Phylogenetic relationship of KDGA with selected members of the DHDPS-like protein family from bacteria and archaea. Characterized enzymes are underlined. The numbers at the nodes are bootstrapping values according to neighbor joining (generated by using the neighbor-joining algorithm of ClustalX). Accession numbers for the proteins and enzymes from the different species are shown in parentheses as follows: for KDGA, Picrophilus torridus Pto1279, Thermoplasma volcanium GSS1 (gi:13542059) TVN1228, and Thermoplasma acidophilum DSM 1728 (gi:16082170) Ta1157; for NAL, Homo sapiens (gi:13540533), Haemophilus influenzae (Swiss Prot P44539), and Escherichia coli (Swiss Prot P06995); for KD(P)GA, Sulfolobus solfataricus (gi:2879782), Sulfolobus tokodaii strain 7 (gi:15922811), Sulfolobus acidocaldarius DSM 639 (gi:70606067), Thermoproteus tenax (gi:41033593), Pyrobaculum arsenaticum DSM 13514 (gi:145591599), and Metallosphaera sedula DSM 5348 (gi:146304062); for DHDPS, Methanocaldococcus jannaschii DSM 2661 (gi:15668419), Methanobrevibacter smithii ATCC 35061 (gi:148642891), Haloarcula marismortui ATCC 43049 (gi:55377124), Natronomonas pharaonis DSM 2160 (gi:76801395), Halorubrum lacusprofundi ATCC 49239 (gi:153895122), Haloquadratum walsbyi DSM 16790 (gi:110667468), Thermotoga maritima (gi:7531088), Escherichia coli (gi:145708), Nicotiana sylvestris (gi:14575543), and Mycobacterium tuberculosis AF2122/97 (gi:31793927); for proteins/enzymes not shown in groups, Halobacterium sp.

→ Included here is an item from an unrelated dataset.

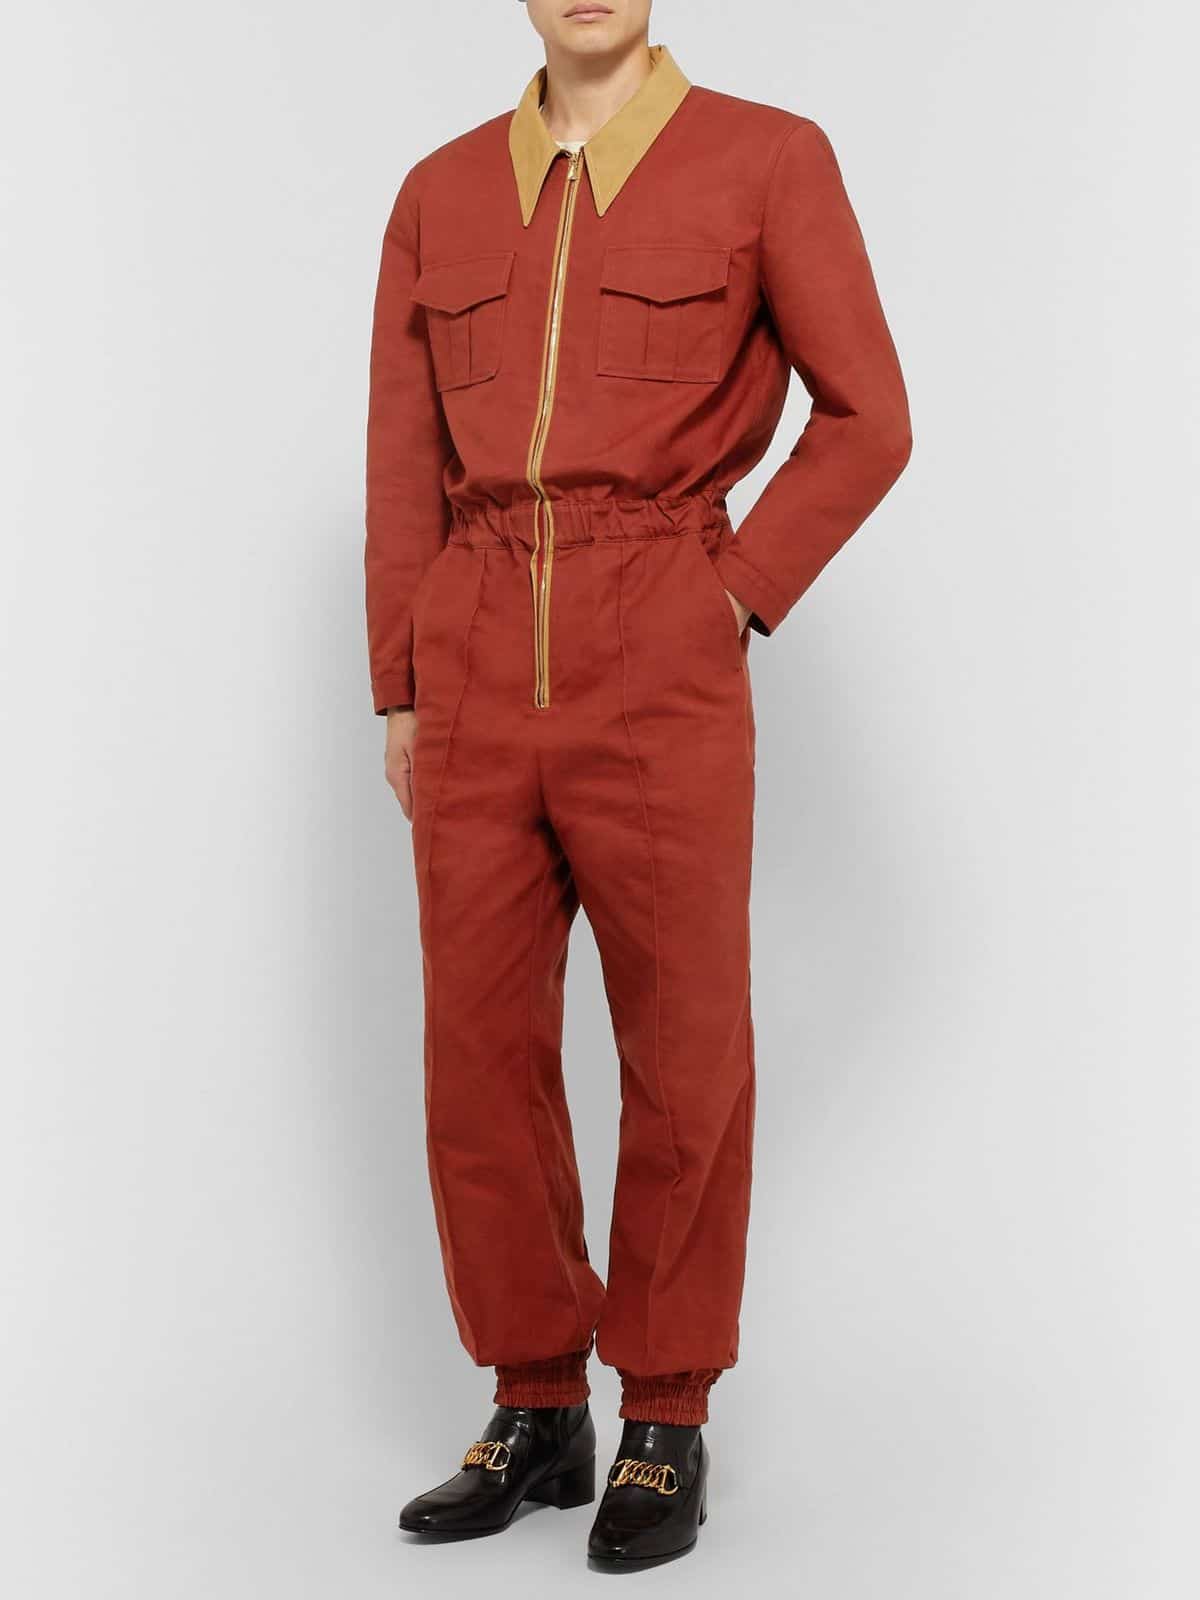 Gucci Tapered Cotton-Canvas Boilersuit for Men

NRC-1 (gi:15789685), Picrophilus torridus DSM 9790 (gi:48478098) Pto1026, Thermoplasma acidophilum DSM 1728 (gi:16081713) Ta0619, Thermoplasma volcanium GSS1 (gi:14324884), TVG0663048, and Ferroplasma acidarmanus Fer1 (gi:69268899). The scale bar corresponds to 0.1 substitution per site.

FIG. 5.

Proposed nonphosphorylative Entner-Doudoroff pathway in Picrophilus torridus in comparison to the proposed branched Entner-Doudoroff pathway in Sulfolobus solfataricus. Enzymes and the genes encoding these enzymes and the promiscuous activities of GDH, GAD, KDGA, KDGK, and KD(P)GA are indicated. Abbreviations: GDH, glucose dehydrogenase; GAD, gluconate dehydratase; KDG, 2-keto-3-deoxygluconate; KDGal, 2-keto-3-deoxygalactonate; KDGA, KDG-specific aldolase; GADH, glyceraldehyde dehydrogenase, GLK, glycerate kinase (2-phosphoglycerate forming); ENO, enolase; PYK, pyruvate kinase; KDGK, KDG kinase; KDPG, 2-keto-3-deoxy-6-phosphogluconate; KDPGal, 2-keto-3-deoxy-6-phosphogalactonate; KD(P)GA, bifunctional KDGKDPG aldolase; GAPN, nonphosphorylative glyceraldehyde dehydrogenase; GAOR, glyceraldehyde oxidoreductase; PGM, phosphoglycerate mutase.